Home prices in many regions have been rising. That is because foreclosure sales fell over the summer and fall as mortgage servicers have tried to put stressed homeowners into the Home Affordable Modification Program and other modification plans, he said.
“This lull in foreclosures sales has resulted in the price gains in the past few months,” he said.
“Foreclosure sales will increase, and home prices will resume their decline by early 2010 as mortgage servicers figure out who will not qualify for a modification,” he said.
Zandi said 7.5 million foreclosure sales will have taken place between 2006 and 2011. The majority of these sales, however, have not emerged yet, with 4.8 million foreclosure sales expected between 2009 and 2011.
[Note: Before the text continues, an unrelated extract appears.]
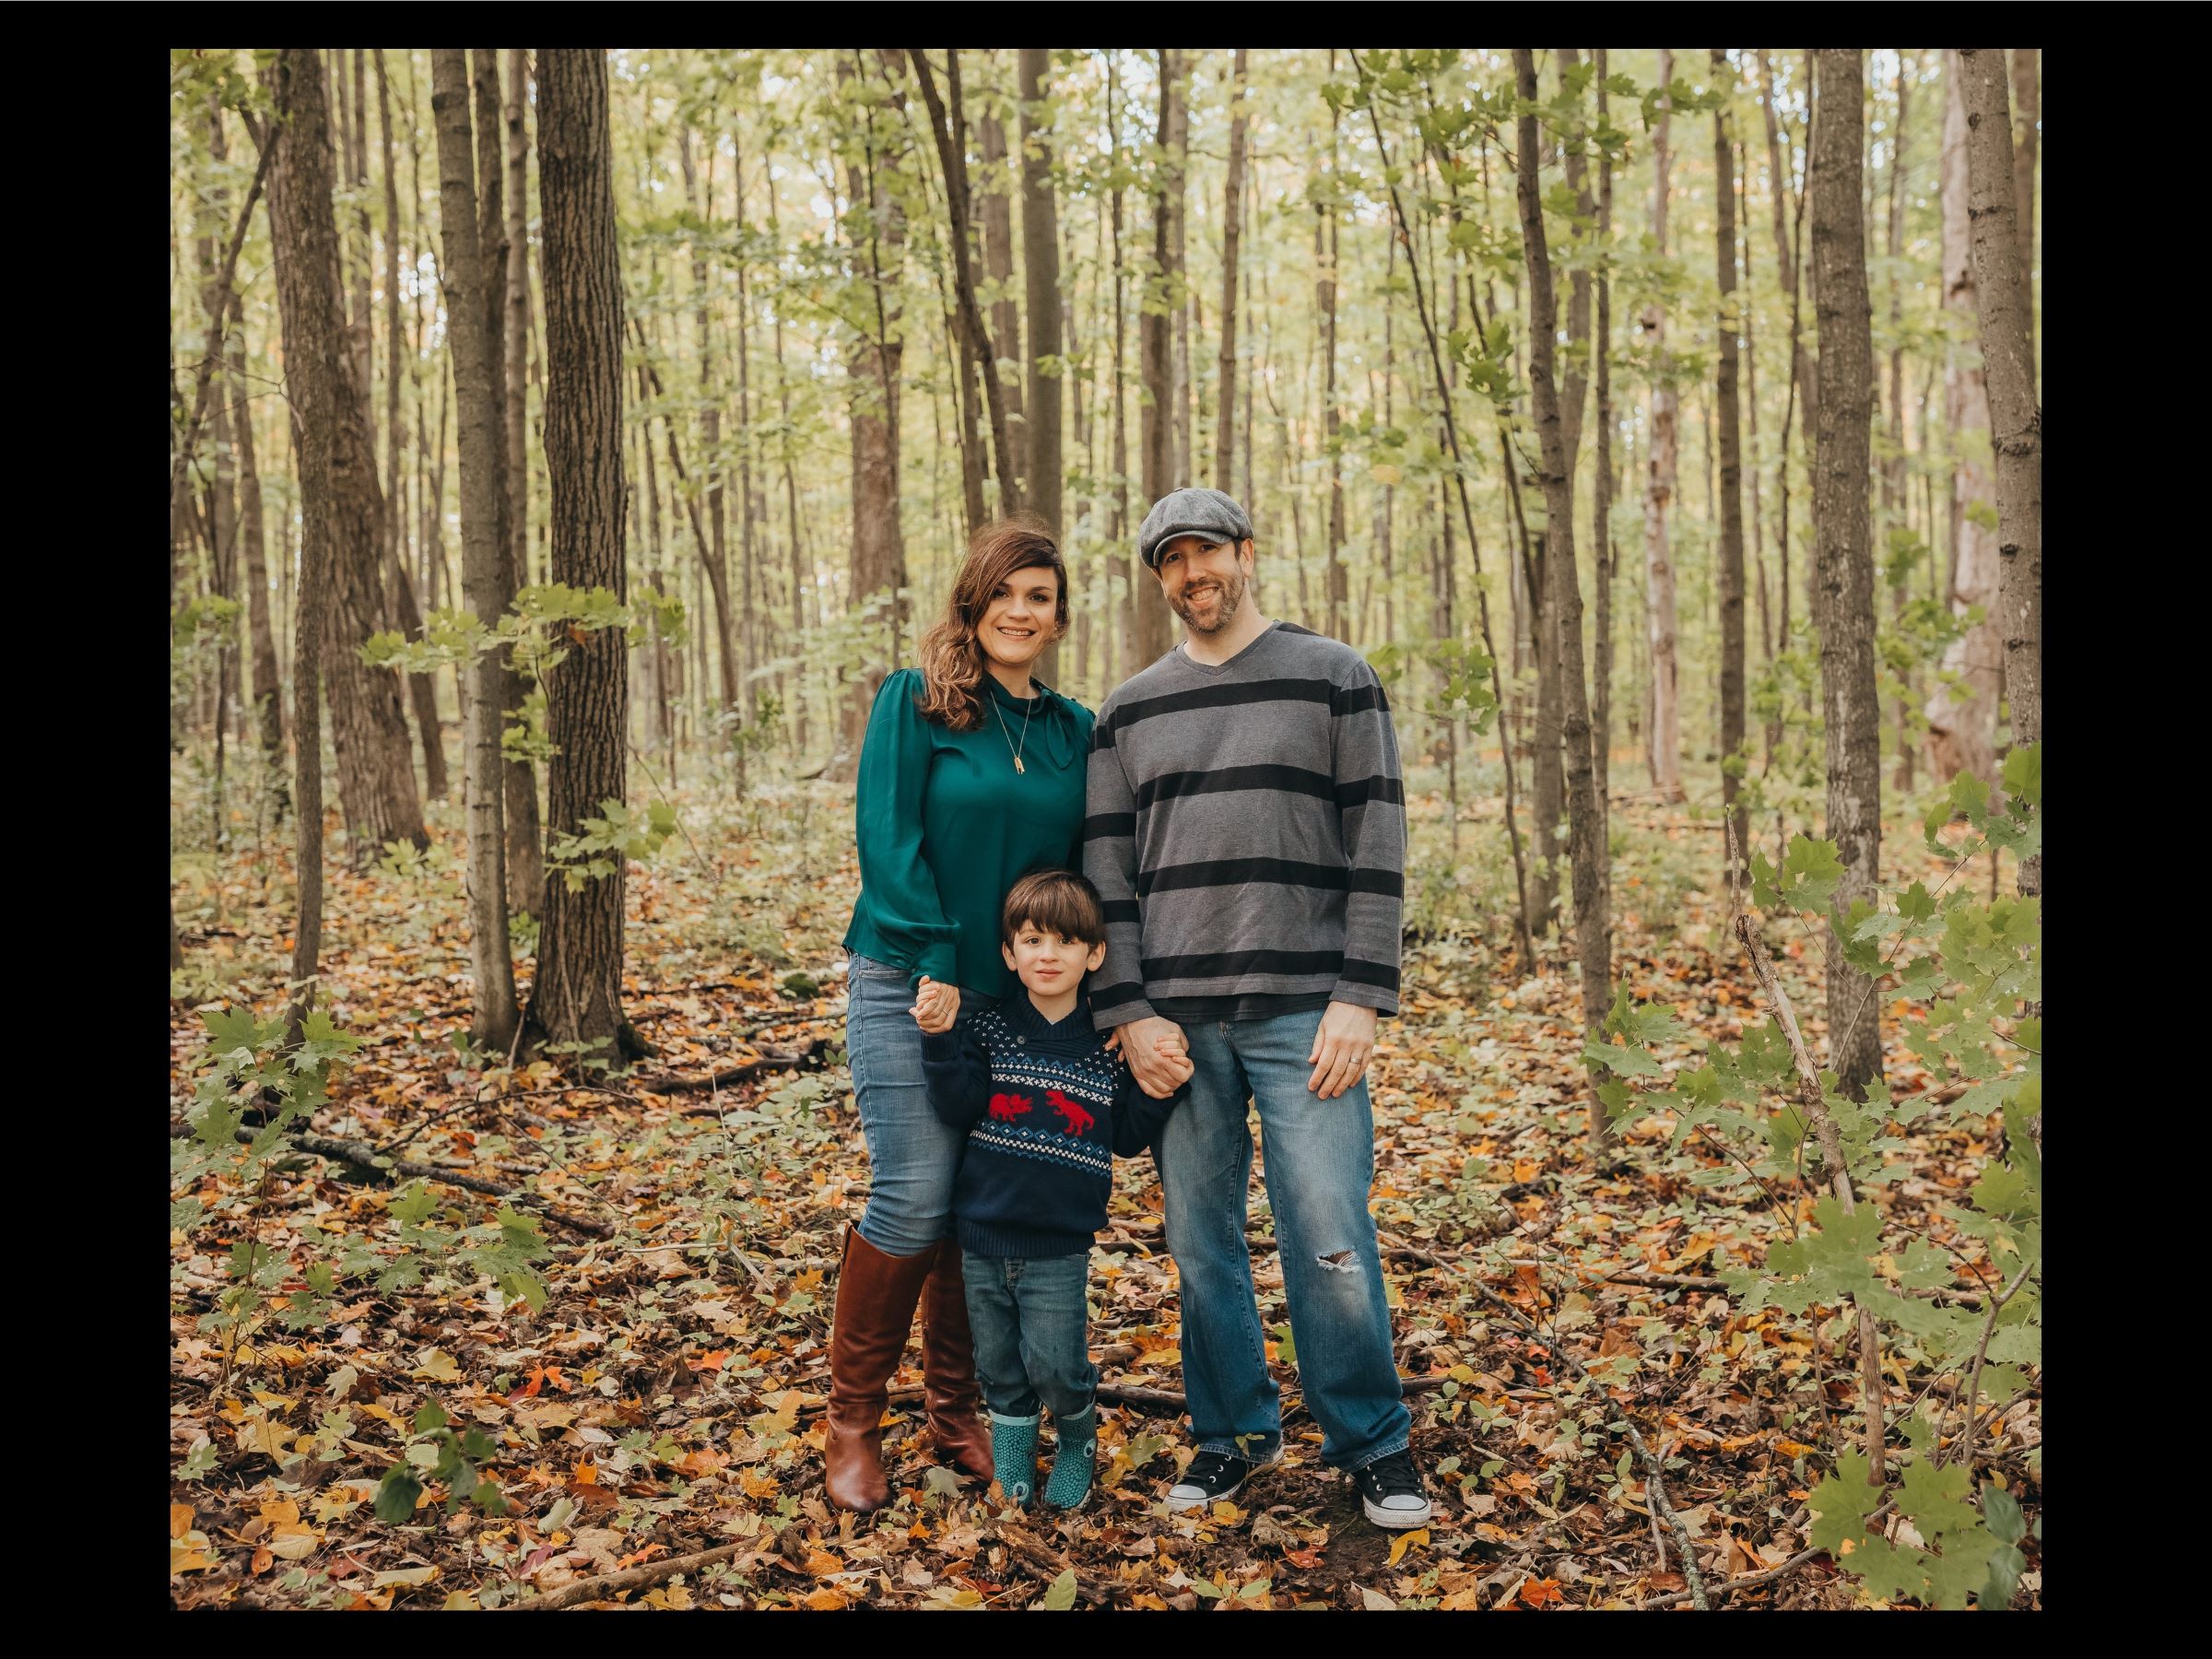 Homeowners Kelli & Scott and their child in the woods.

Attractive rates and high affordability have been positives for the U.S. housing market, which has been showing signs of stabilization. Sales have surged in recent months as buyers scrambled to take advantage of the government’s first-time home buyer tax credit, which was originally set to end November 30.
Last month the Obama administration extended the $8,000 first-time home buyer tax credit, added a $6,500 credit for home owners buying a new residence, and increased income limits. Eligible borrowers must sign contracts by April 30 and close loans by June 30.
Zandi said another significant obstacle to a housing market recovery is the number of mortgages that are “underwater,” where borrowers owe more for the loan than the residence is worth. This negative equity disqualifies many homeowners from refinancing and prevents some from selling their homes.
Borrowers in negative equity are also more prone to defaults and foreclosures.
Zandi said about 25 percent of single-family homes with mortgages have negative equity.
“With so many homeowners so deeply underwater and unemployment very high and on the rise, the foreclosure crisis will continue putting more pressure on home prices,” he said.
The U.S. Labor Department said the unemployment rate reached a 26-1/2-year high of 10.2 percent in October. November’s unemployment rate in November will be announced on Friday.
“Our house price outlook is dependent on two other key assumptions, including a more stable job market by early 2010 and that interest rates on fixed-rate mortgages remain well below 6 percent throughout the year,” he said.
The unemployment rate will peak at 10.7 percent in the third quarter of 2010, Zandi forecast.